_INFORMATION SHOWN:_
BEGIN
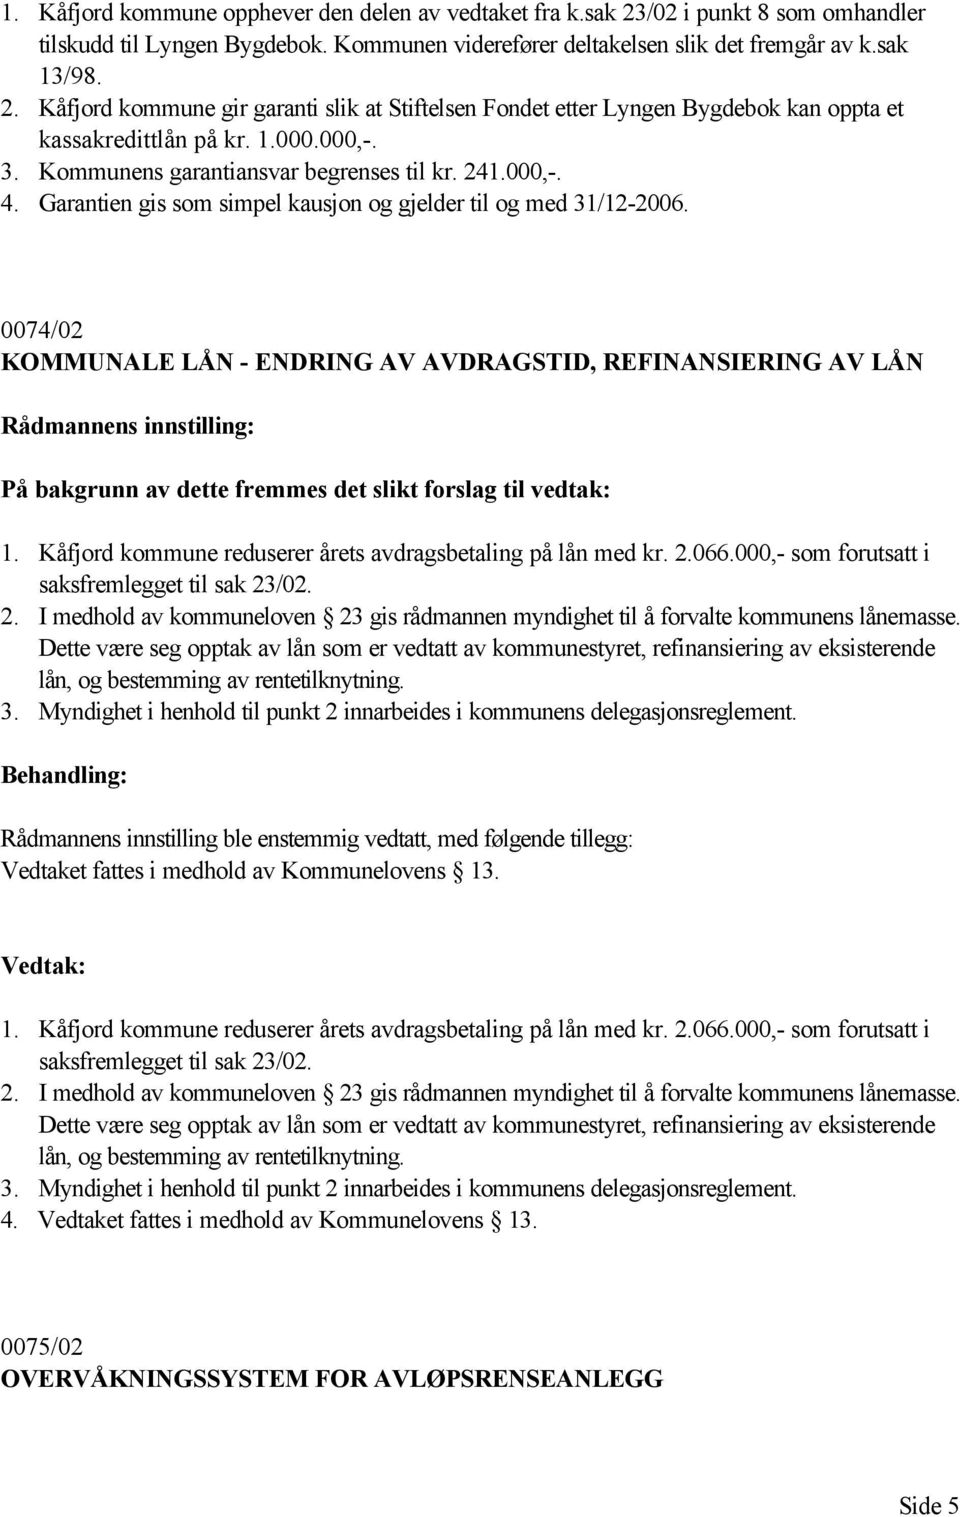 0074/02 KOMMUNALE LÅN - ENDRING AV AVDRAGSTID, REFINANSIERING AV LÅN På bakgrunn av dette fremmes det slikt forslag til vedtak: 1. Kåfjord kommune reduserer årets avdragsbetaling på lån med kr. 2.066.
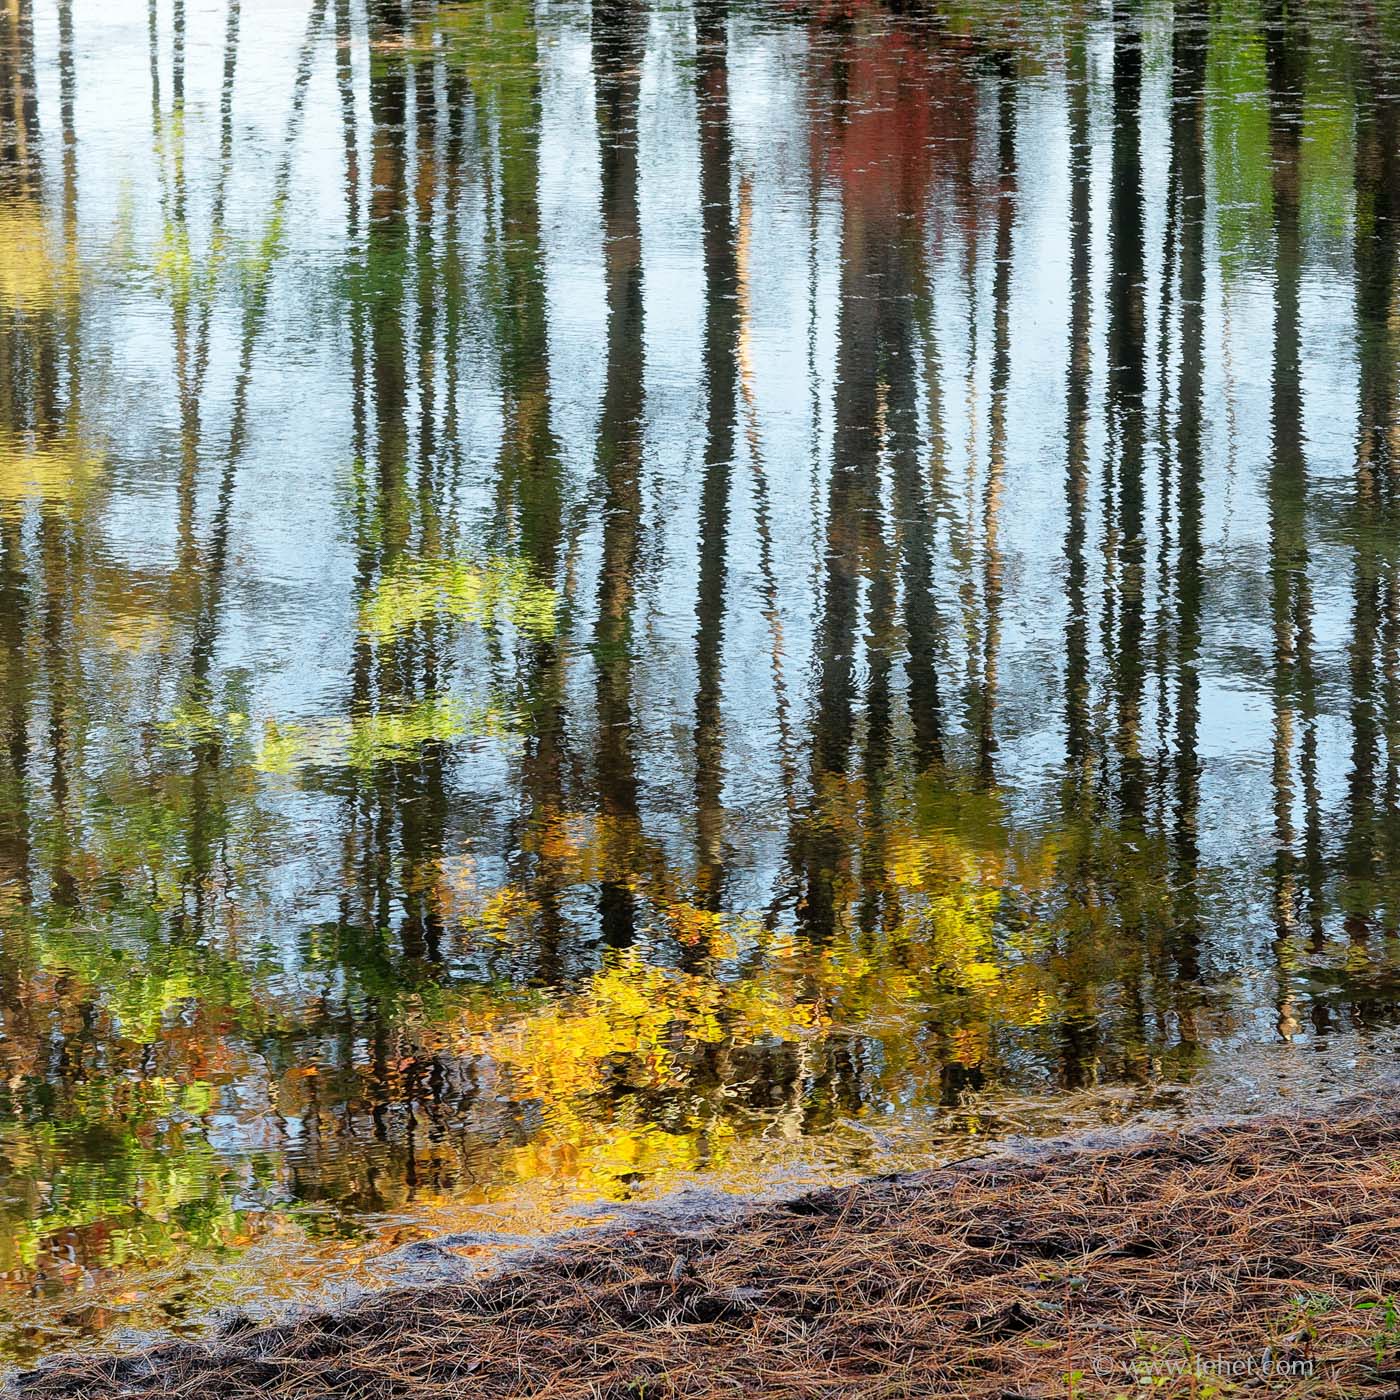 Pond in Woods, Hartland Vermont, October 2014
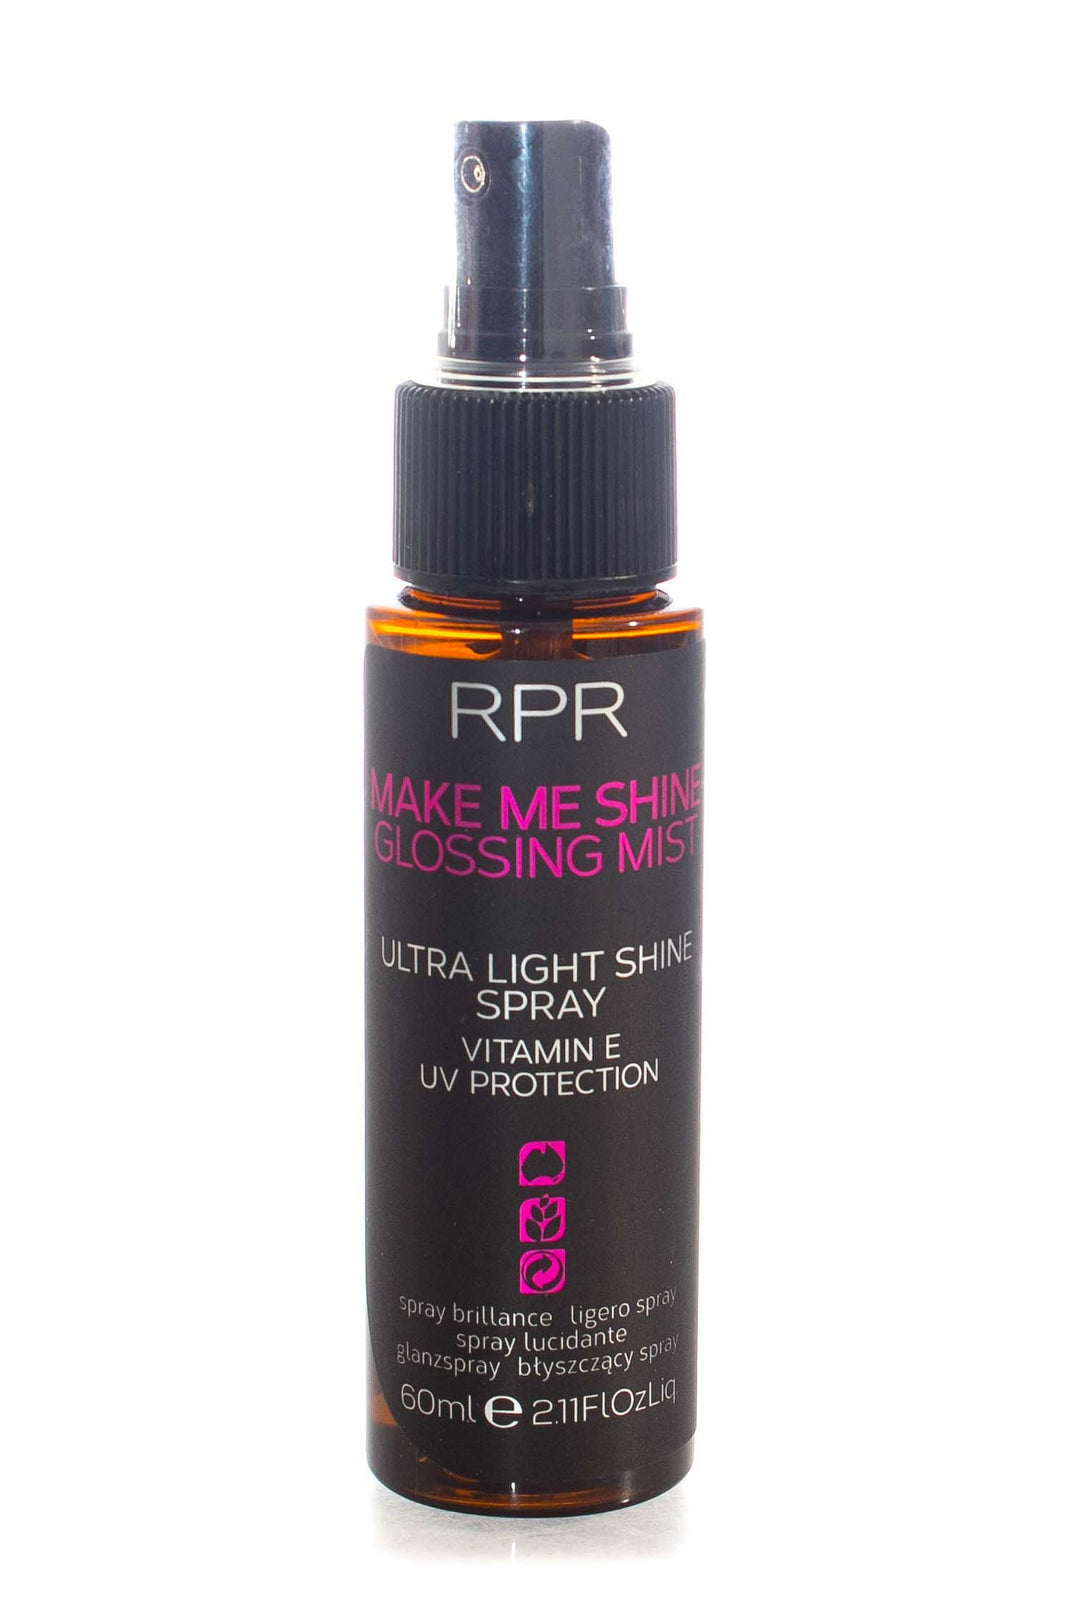 rpr-make-me-shine-glossing-mist-60ml
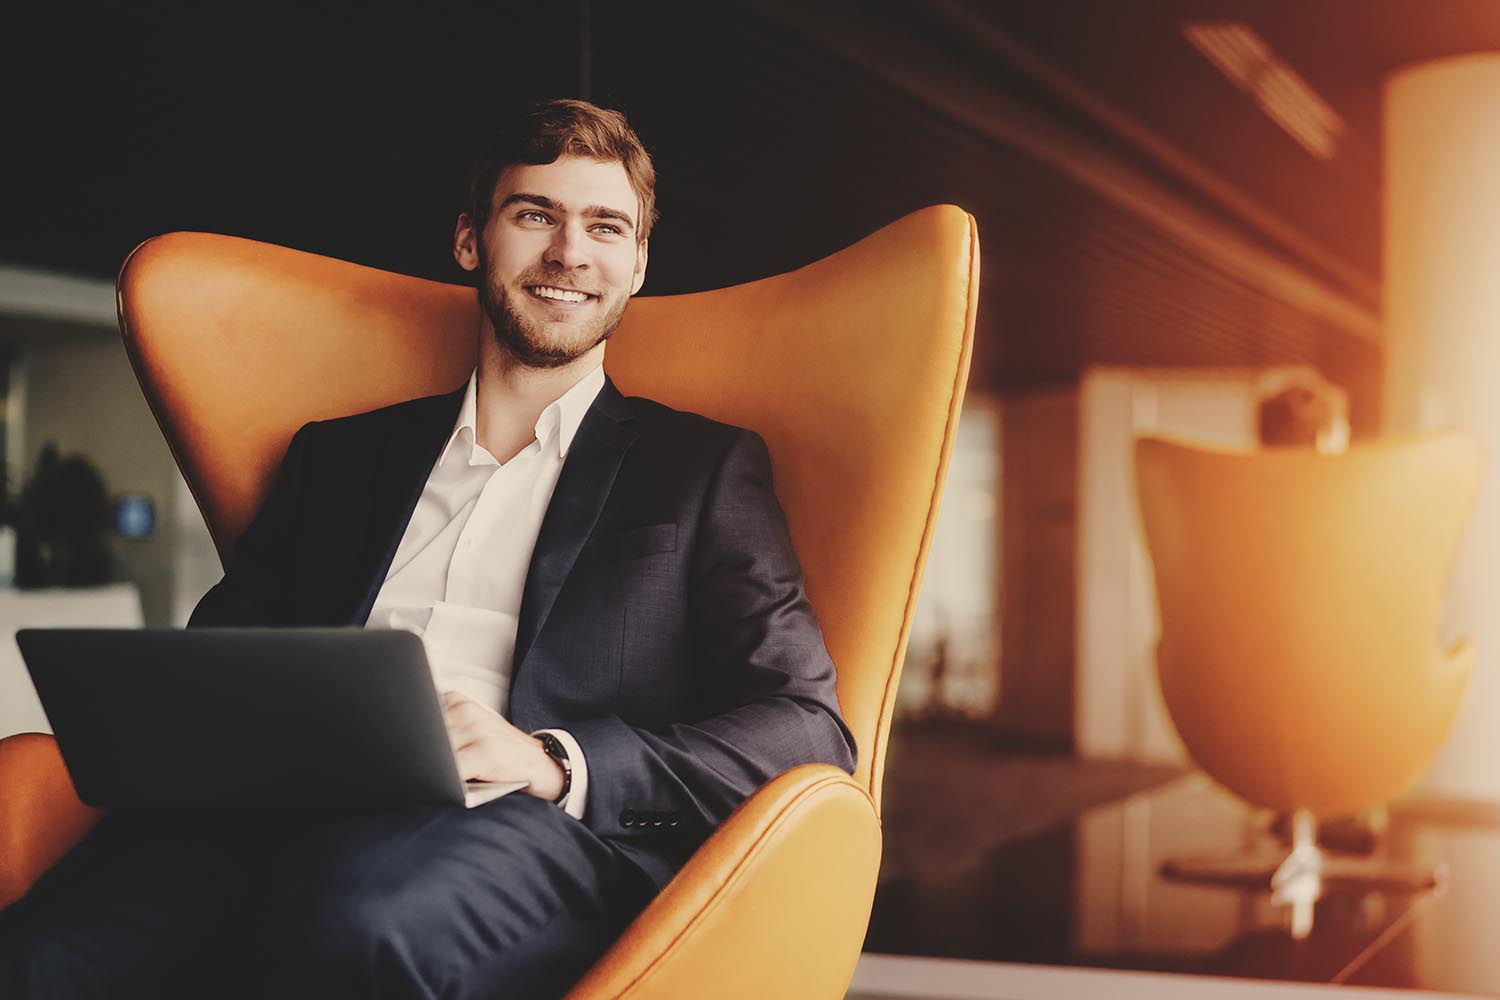 Молодой улыбающийся успешный человек предприниматель в формальном бизнес-люксе с бородкой сидит на оранжевом кресле с ноутбуком в роскошном офисном интерьере
END
_TASK:_
Your reply should give again exactly the lines from the one with "Pond in Woods, Hartland" through the last line of the data, with both ends included and pictures left out.

_SOLUTION BELOW:_
 Pond in Woods, Hartland Vermont, October 2014
 rpr-make-me-shine-glossing-mist-60ml
 Молодой улыбающийся успешный человек предприниматель в формальном бизнес-люксе с бородкой сидит на оранжевом кресле с ноутбуком в роскошном офисном интерьере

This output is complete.